Performance analysis also allows to improve user experience via evidence-based improvements of the product design, and to achieve business goals through the built-in scalability and capacity.

Principles

Gather user expectations at the product definition stage, quantify business requirements and use this as the basis for later product architecture and design

Components within a well-architected solution can be scaled independently, for example add another instance of a service, but adding or removing components can have knock-on effects in other parts of the solution; for example adding another web server to service a spike in web traffic may require more message queues to communicate with back-end services. Knowing scaling dependencies beforehand can help to understand the solution's operating behavior and to avoid resource exhaustion through over-scaling of a single resource

Well-architected hybrid cloud solutions take advantage of multi-platform architectures to scaling and bursting strategies to take optimize performance as well as security, operating cost, and end-user expectations; for example run workloads on on-premises infrastructure with strong performance guarantees and fixed operating costs and burst / scale to a public cloud service provider during times of peak workload.

Moving data is expensive. Well-architected solutions take advantage of the portability and mobility of containerized workloads place services as close as possible to the data they consume

Solutions must chose the right platform and resources to maximize the value of their architectures. A hybrid cloud solution is able to span multiple clouds, including on-premises infrastructure, which gives architects the freedom to select the optimal resource mix to meet the performance needs of their solution

Solution Design Practices

Performance must be 'built in' to a solution at the outset of its design. Leaving performance considerations to the end of the solution's design, or worse, implementation often results in sub-optimal performance that can't be fixed without revisiting large portions of the solution's architecture. The Solution Design practices help architects to create solutions that are highly performant, and to avoid design approaches that can limit solution performance.

Solutions should be designed to grow or reduce their processing capacity by adding or removing discrete units (servers, services, network interfaces, and so on) rather than changing the capacity of existing units, for example by adding more CPUs to a server. To achieve this, solutions should adopt the following architecture principles:

Stateless components are components that don't retain client or session state (for example a user identity, or the data inputs provided on the earlier call) between interactions, eliminating dependencies between clients and any one specific instance of a component.
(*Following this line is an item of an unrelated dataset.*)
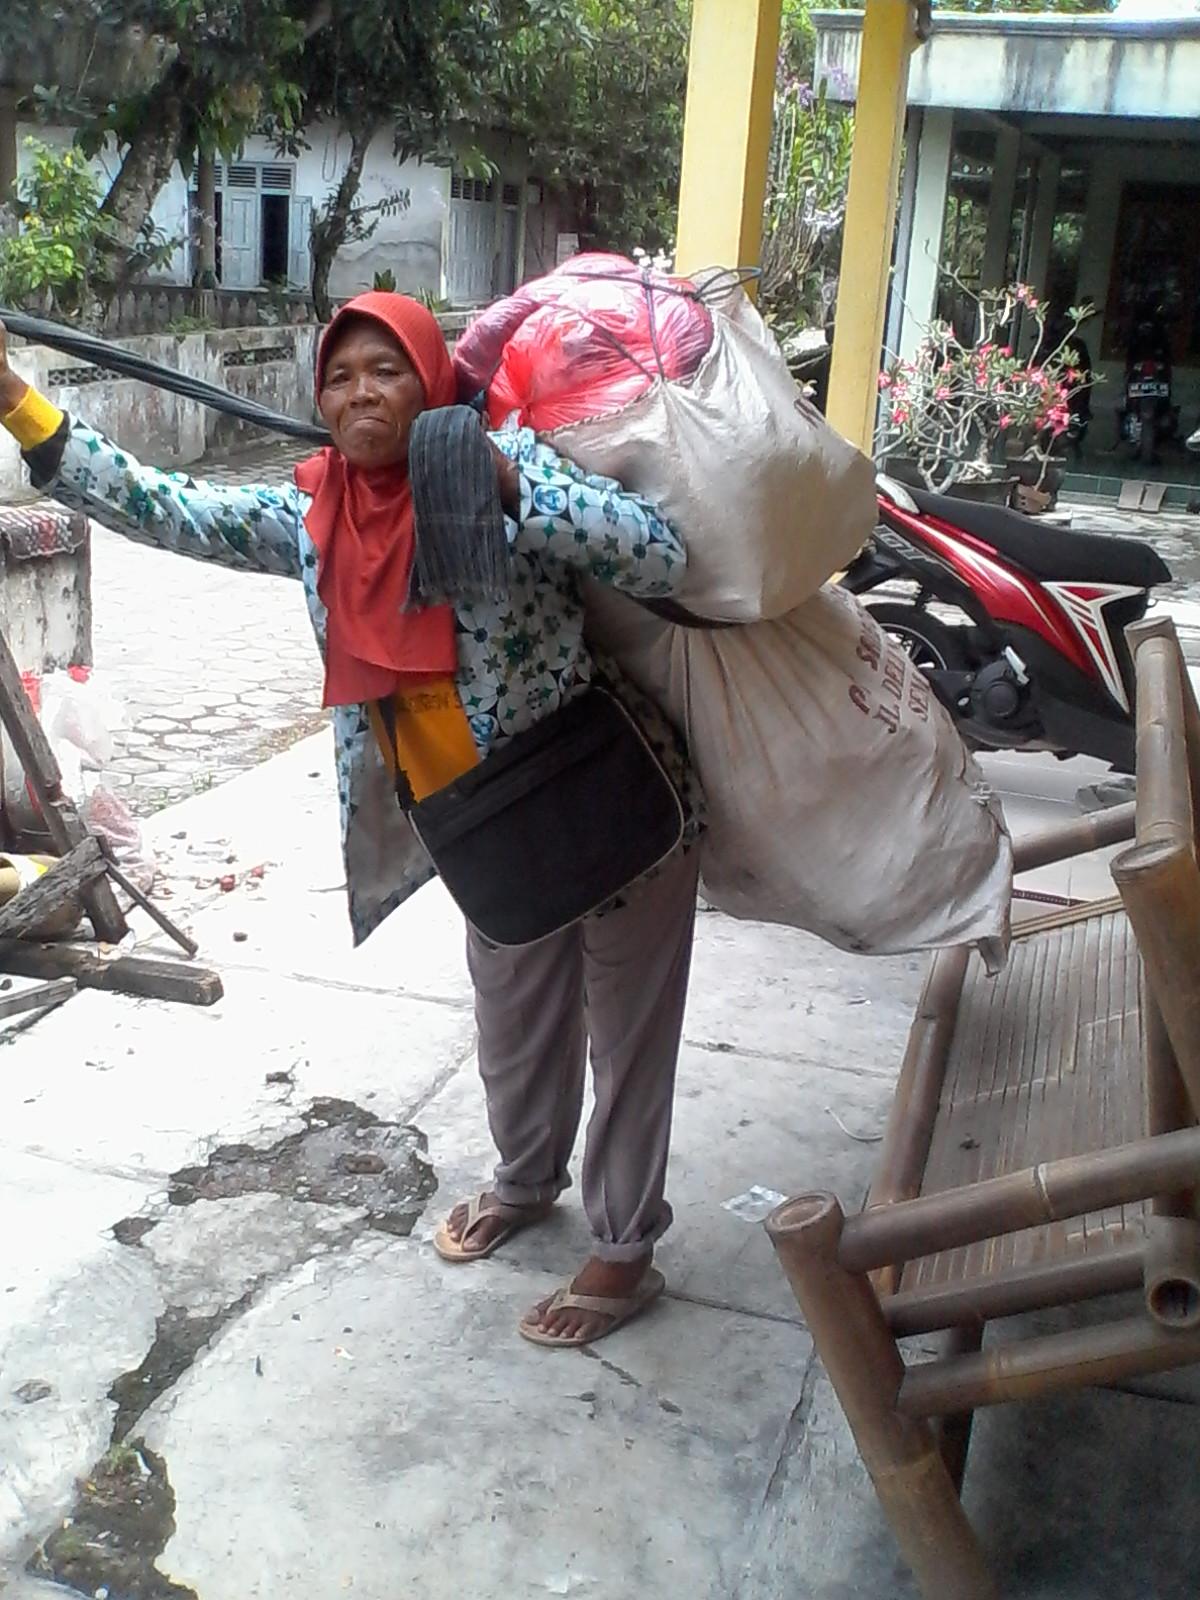 Mbah Wiji kuat menggendong 1 karung rongsok demi 1 kg beras

This lack of dependency between components and their consumers means the solution can scale up and down by adding or removing component instances without impact to the consumers of the components' services. A good example of a stateless component is a cashier at the grocery store; as long as there is at least one cashier available shoppers can checkout and pay for their groceries and cashiers can be added and removed as the volume of shoppers demands. The converse of this is if shoppers were assigned a specific cashier at the beginning of their shopping trip. If the assigned cashier becomes bogged down or, worse, unavailable the shoppers have to wait or start all over and the overall performance of the grocery store (measured in shoppers per hour) suffers.
Avoid long-running tasks. If a solution must support long-running tasks (for example performing a complex scientific calculation) the task should be designed to support scale in or out through an interruption and checkpoint facility that enables the solution to shutdown and restart the task as resources are added to and removed from the solution.
Data at the ends. Stateless components can, in theory, scale infinitely and are reusable between clients. Highly performant solutions push state, that is user and application data, to the client application and databases at the ends of the solution architecture and keep no state in the intervening architecture layers.

Resources:
Stateful vs Stateless

Designing solutions as a set of highly cohesive, loosely coupled components enables components to be scaled independently relative to the demand for the service they provide. Architecture approaches such as service-oriented architecture, and microservices embed this practice as a core design principle, that is, a set of highly cohesive services communicating through high-level, loosely coupled APIs.

Moving data between the components of a solution is often the most time-consuming element of a transaction. Components should be designed to optimize the frequency and volume of communications for the bandwidth available. For example, an application that makes repeated calls to retrieve individual values from a database might perform 'well enough' when deployed on a local network, but might lag when the database component is relocated to a cloud service provider.

The representational state transfer (REST) architectural style that's commonly used in web-based applications is a good example of the type of balance that's exhibited by a well-architected solution; the full representative state of a resource is transferred as a JSON, XML, or other document that balances the amount of information that's transferred against the high latency of a web-based interaction.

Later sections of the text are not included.